In thousands   2022     2021  
Unrecognized benefit-beginning of period   $ 1,306     $ 1,190  
Gross increases-prior period tax positions           34  
Gross (decreases)-prior period tax positions     (33 )      
Decrease prior period tax positions - settlements            
Gross increases -current period tax positions           82  
Unrecognized benefit-end of period   $ 1,273     $ 1,306  

 

$33 of the unrecognized tax benefits as of December 31, 2022, are accounted for as a reduction in the Company’s deferred tax assets. Due to the Company’s valuation allowance, only $1,240 of the $1,273 of unrecognized tax benefits would affect the Company’s effective tax rate, if recognized. The Company does not believe it is reasonably possible that its unrecognized tax benefits will significantly change in the next twelve months.

 

The Company recognizes interest and penalties related to unrecognized tax benefits as income tax expense. The Company reported a tax expense of $40 of interest and penalties in 2021 and the Company has accrued a $176 liability for accrued interest and penalties related to unrecognized tax benefit as of December 31, 2022.

 

The Company does not expect any significant change in its unrecognized tax benefits during the next twelve months.

 

The Company’s material income tax jurisdictions are the United States (federal and California), China and India.
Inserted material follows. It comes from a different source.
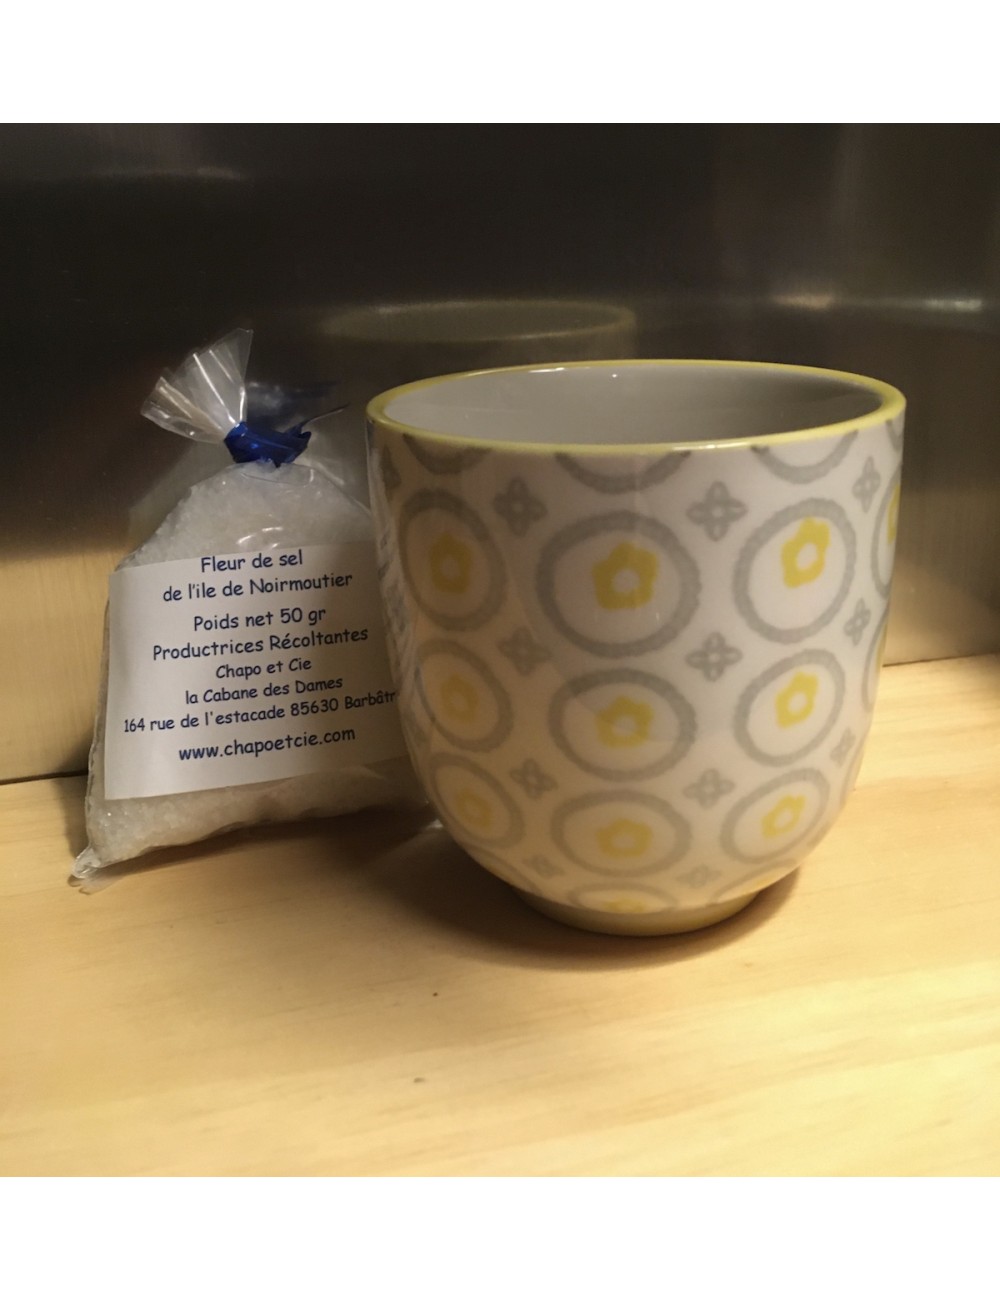 Une tasse motif gris et jaune proposée avec un sachet de 50gr de fleur de sel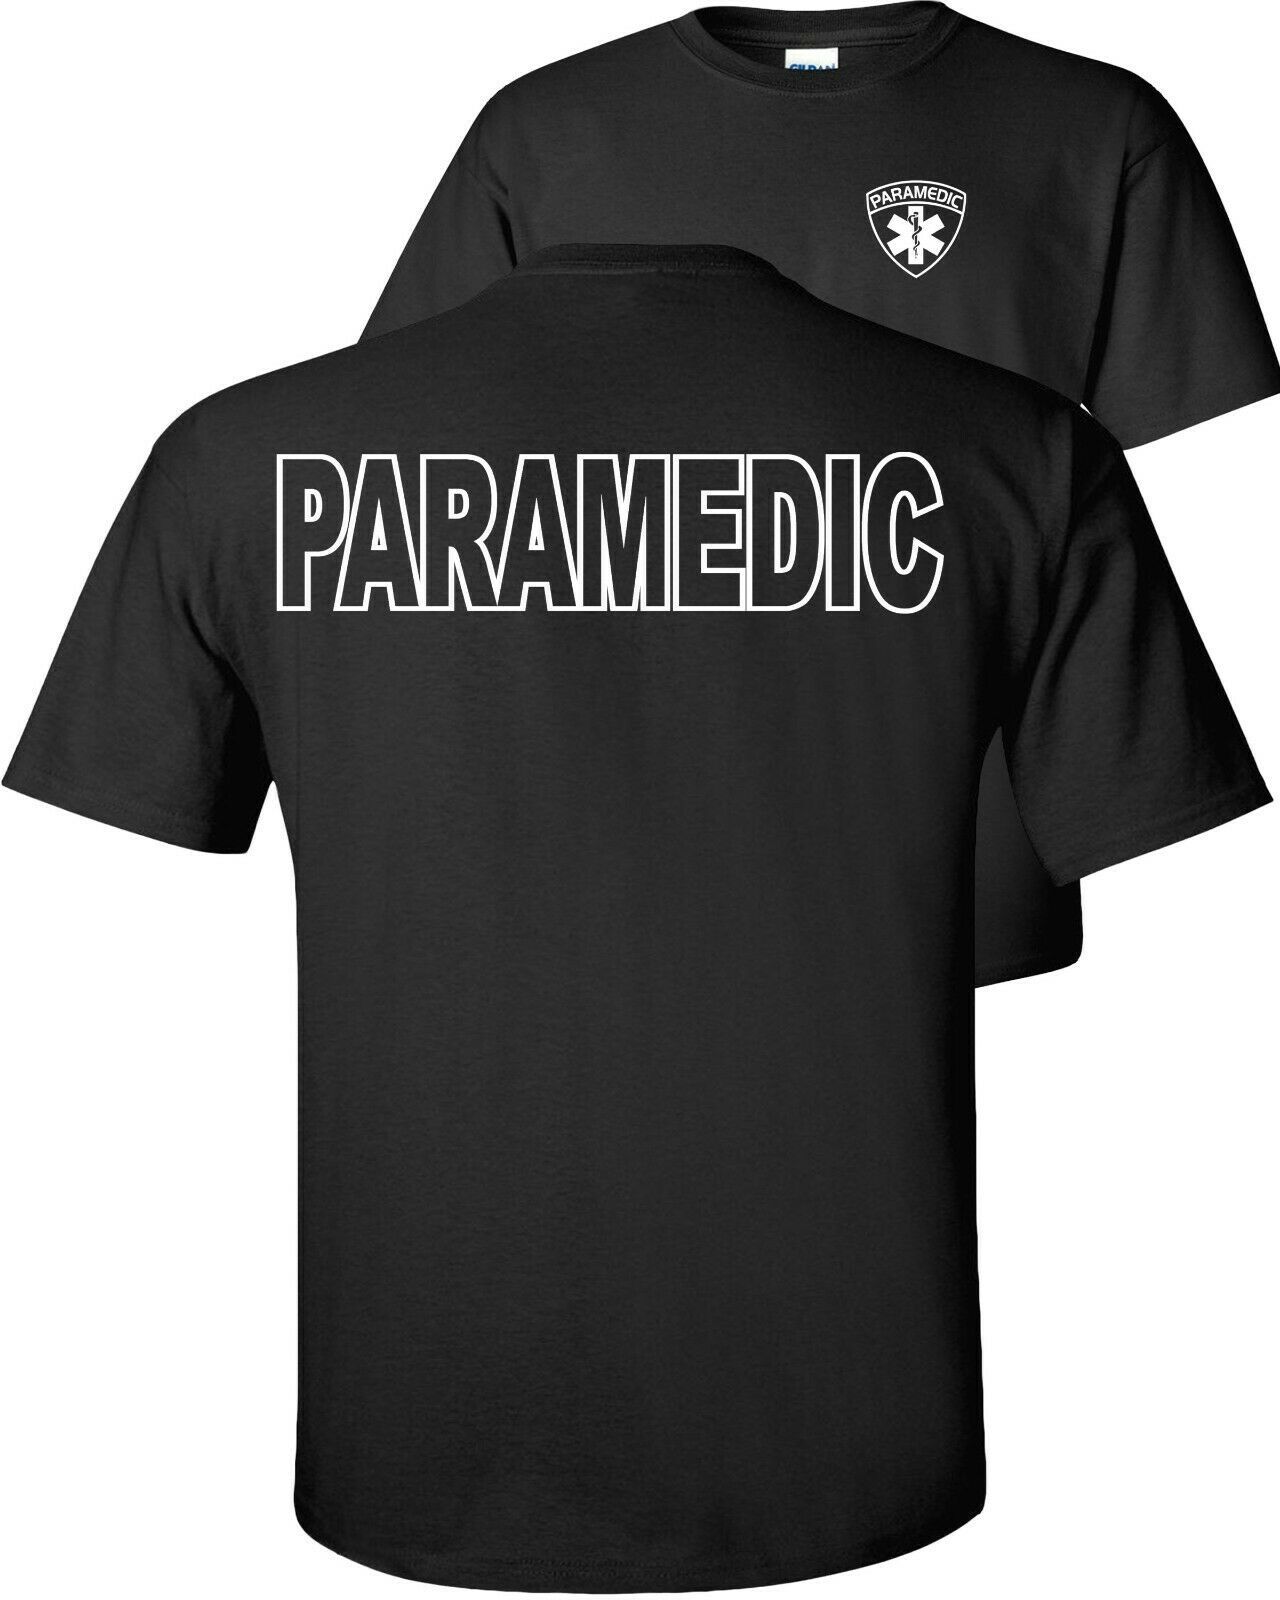 Paramedic T-shirt, emergency medical services, medical EMT, EMS, men's t-shirt

As a result of net operating loss and credit carryforwards, the Company is subject to audit for tax years 2012 and forward for California purposes and for 2017 and forward for federal tax purposes. The China tax years are open under the statute of limitations from 2017 and forward. The India tax years are open under the statute of limitations from 2018 and forward.

 

 

Accounting for GILTI requires companies to adopt tax accounting policies related to:

 

Treating the book-tax differences as either period costs or to recognize GILTI related deferred tax assets/liabilities in accounting for the GILTI book-tax differences. The Company has elected to treat this difference as a period cost.

 

In the Company’s valuation allowance analysis, the Company will elect the Increment Cash Tax Savings Approach in determining its U.S. valuation allowance.